Each of the five seeds appears to be strong - Kentucky, Ohio State, Providence, and Illinois. They can all make the case to move up to the top four seed lines. The Friars have two massive road wins at Wisconsin and at UConn. However, in those games, Wisconsin’s Johnny Davis and UConn’s Adama Sanogo were both missing. Certainly not Providence’s fault, but will that matter to the committee? Kentucky has unbelievably good predictive metrics (currently 3rd in KenPom and 4th in Sagarin), yet still rank 22nd in Strength of Record. Five-seed feels right for today when it comes to the Wildcats.

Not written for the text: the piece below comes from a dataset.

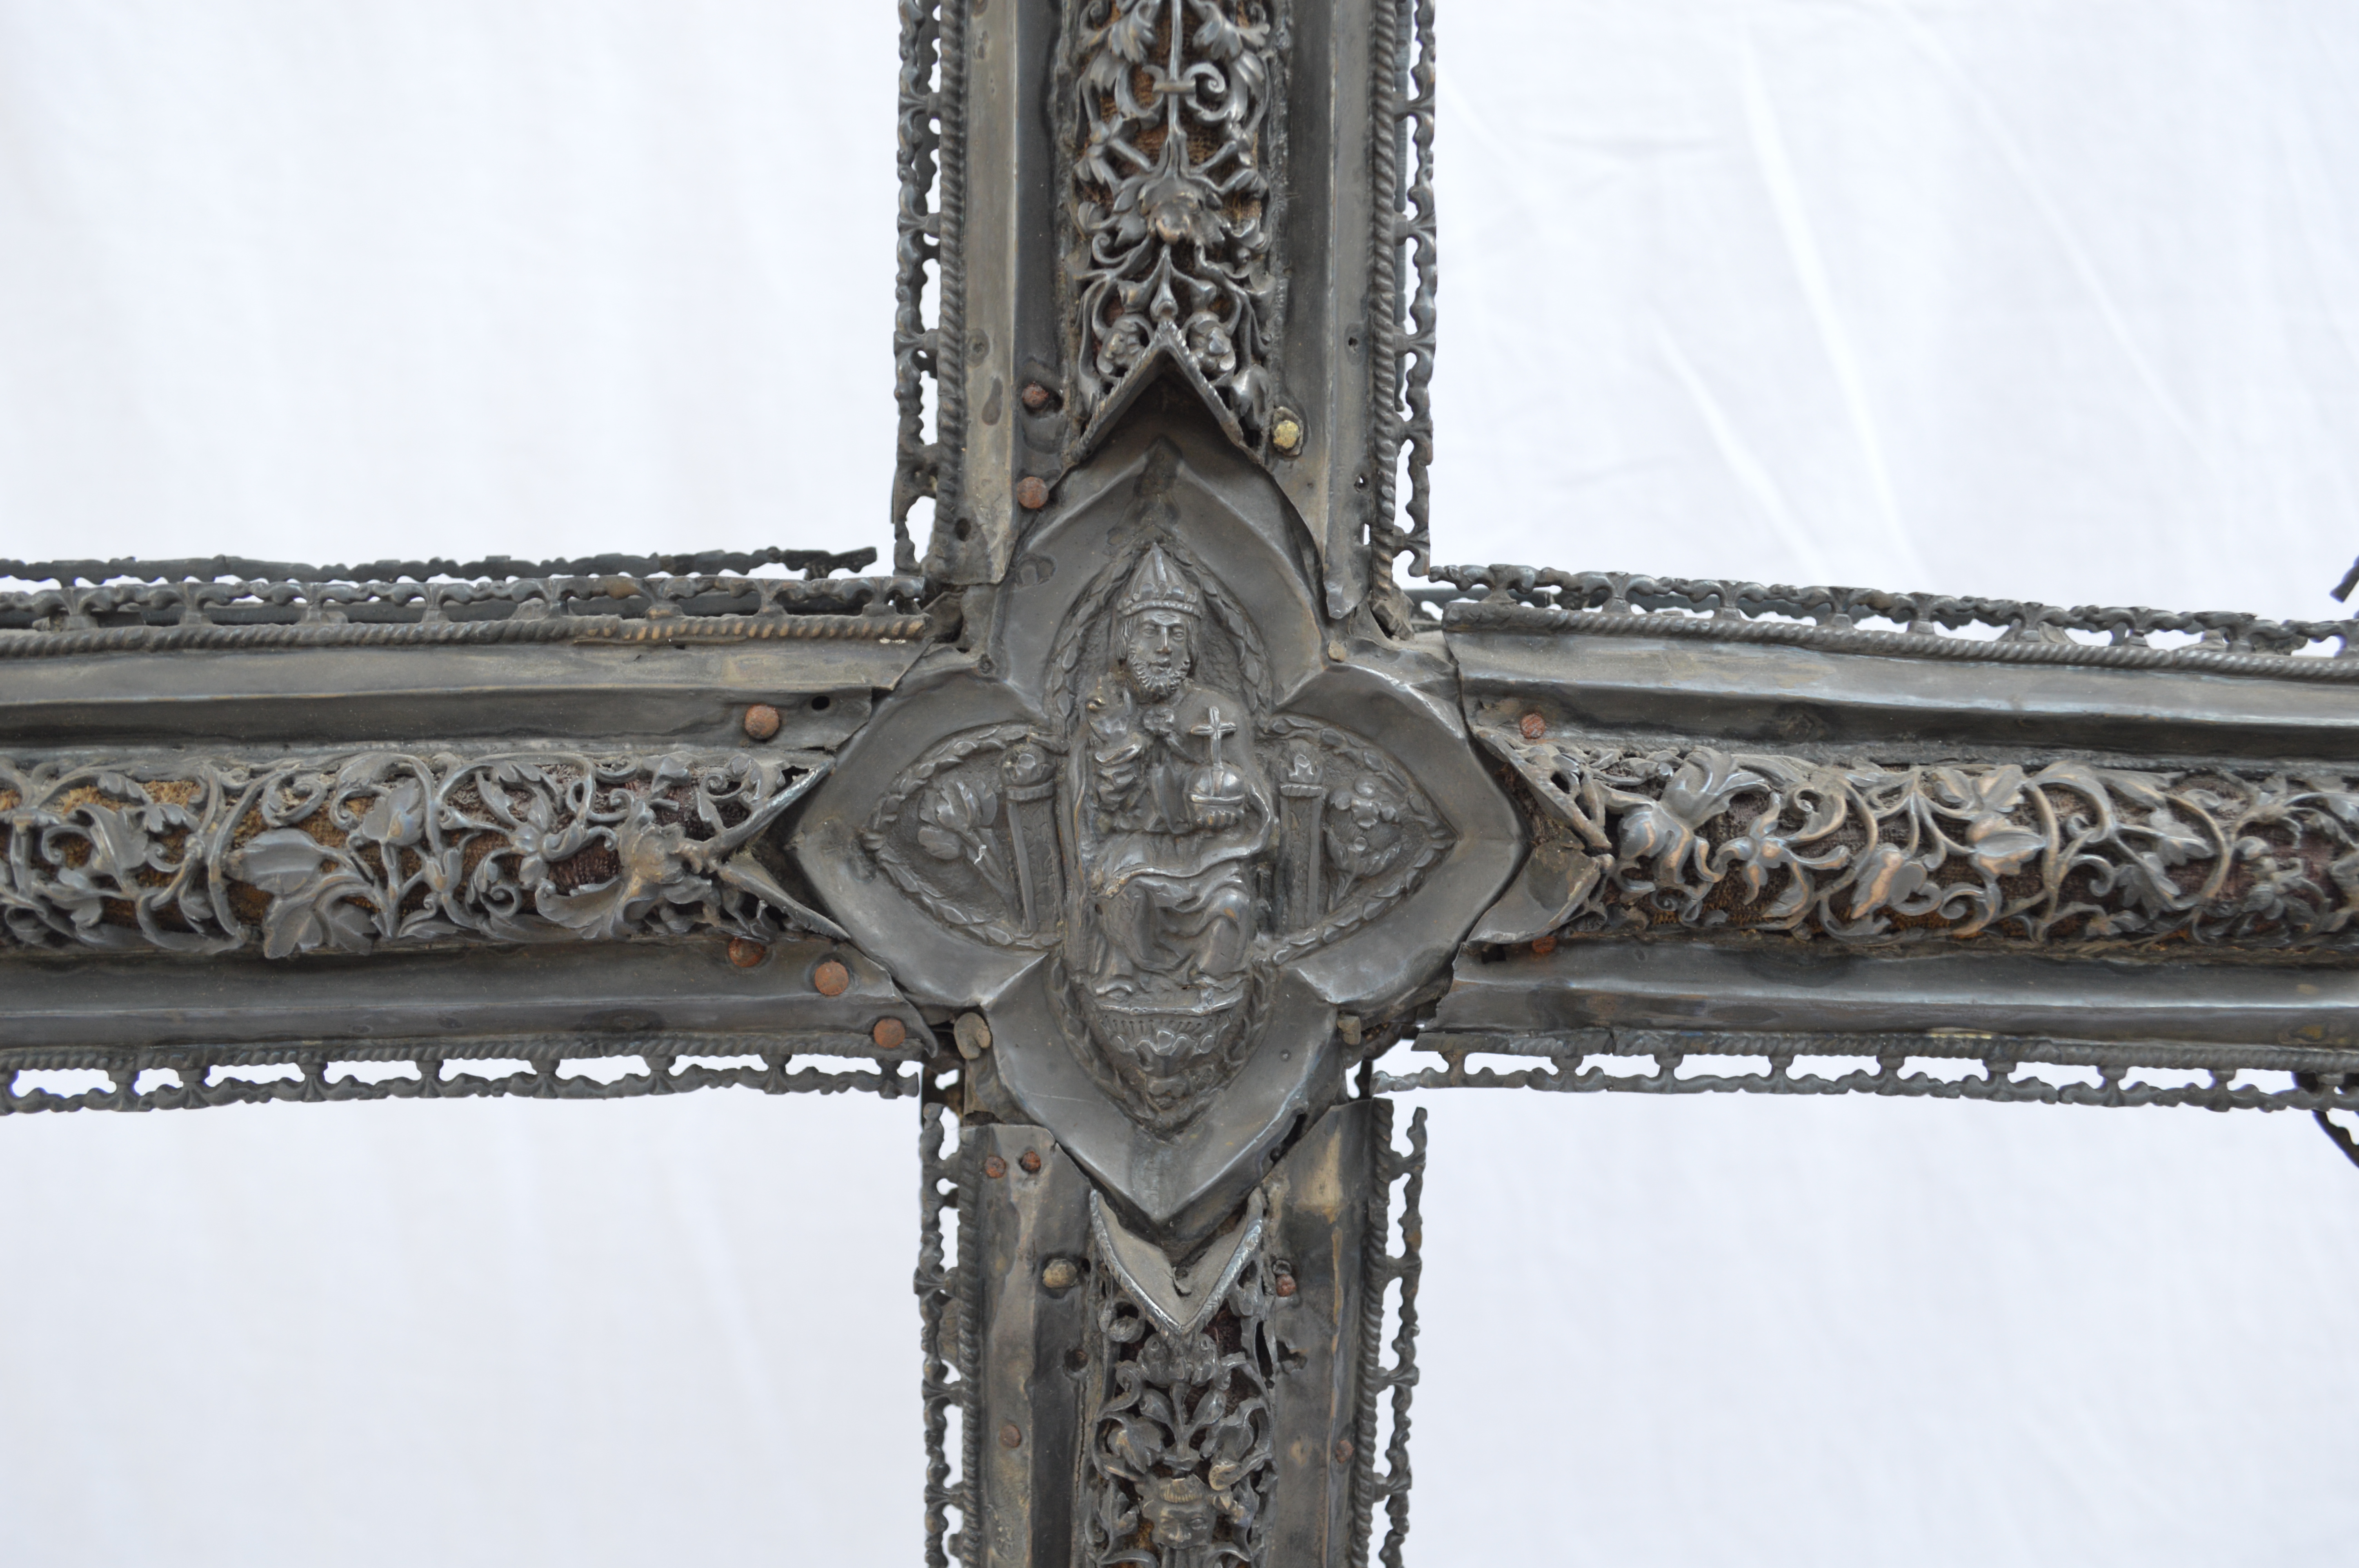 El CEART-UM (Centro de Expertización de Arte de la Universidad de Murcia) estudia, indentifica y certifica una cruz procesional de plata del siglo XVI

On the six-line, we have upstart Marquette! A team that would’ve been a nine-seed on Monday has shot up with the impactful road win at Villanova. The Golden Eagles are scorching hot.
For the seven seeds, the Loyola-Chicago Ramblers landed here. LUC has been a great team to watch and continues to win at a high percentage. A couple of close calls in Overtime at home recently hurt a couple of their metrics, however, the resume is solid here. BYU also lands here and has a really impressive eight wins over the top two quadrants. The Cougars’ big win over Oregon is finally beginning to age well.
On the typically unwelcoming eight and nine seed lines - we have more upstart stories. Headlined by Davidson and Murray State. Hard to find two hotter teams than this. Davidson’s eight true road wins is tied for the most (tied with Auburn) for any team in the top 32.
BUBBLE FORMATIONS
Let’s get real, the bubble is still forming and will look entirely different by March. But don’t be surprised if a few of these teams hang around for the rest of the ride. When it comes to the last five or six teams selected for an at-large bid, the selection process is incredibly detailed and thorough. The committee will spend extra time diving into these teams to look for outliers and disqualifiers.
Today, we have some teams that I believe would be selected and largely because they’ve done no wrong (no losses to teams in Quad 2B or worse) aka a clean resume and have played a decent enough non-conference schedule:
On the flip side, history is not on the side of teams with a 275+ NCSOS. That could be big trouble in the examples of Tournament hopefuls like Wake Forest (currently #315 NCSOS per NET) and Texas A&M (currently #264 NCSOS per NET). Others such as TCU (332), Mississippi State (291), Arkansas (282), Boise State (247) Fresno State (252), SMU (318), Minnesota (311), Northwestern (254), Colorado (331), and perhaps UAB (218) have reasons to be concerned. It should be noted that Arkansas, Mississippi State, and TCU will all benefit from a bump up after the B12/SEC Challenge. Again, this is ONLY for seeds 10 and above. I do believe if any of the above play their way firmly into the at-large pool, their seed can greatly improve. The lack of non-conference schedule strength has a lengthy history in keeping teams out of the at-large pool. The aforementioned list of squads likely seems like a surplus of teams for now, however, with time the majority of these teams will either play their way into the field solidly or simply drop off as many are competing in tough conferences.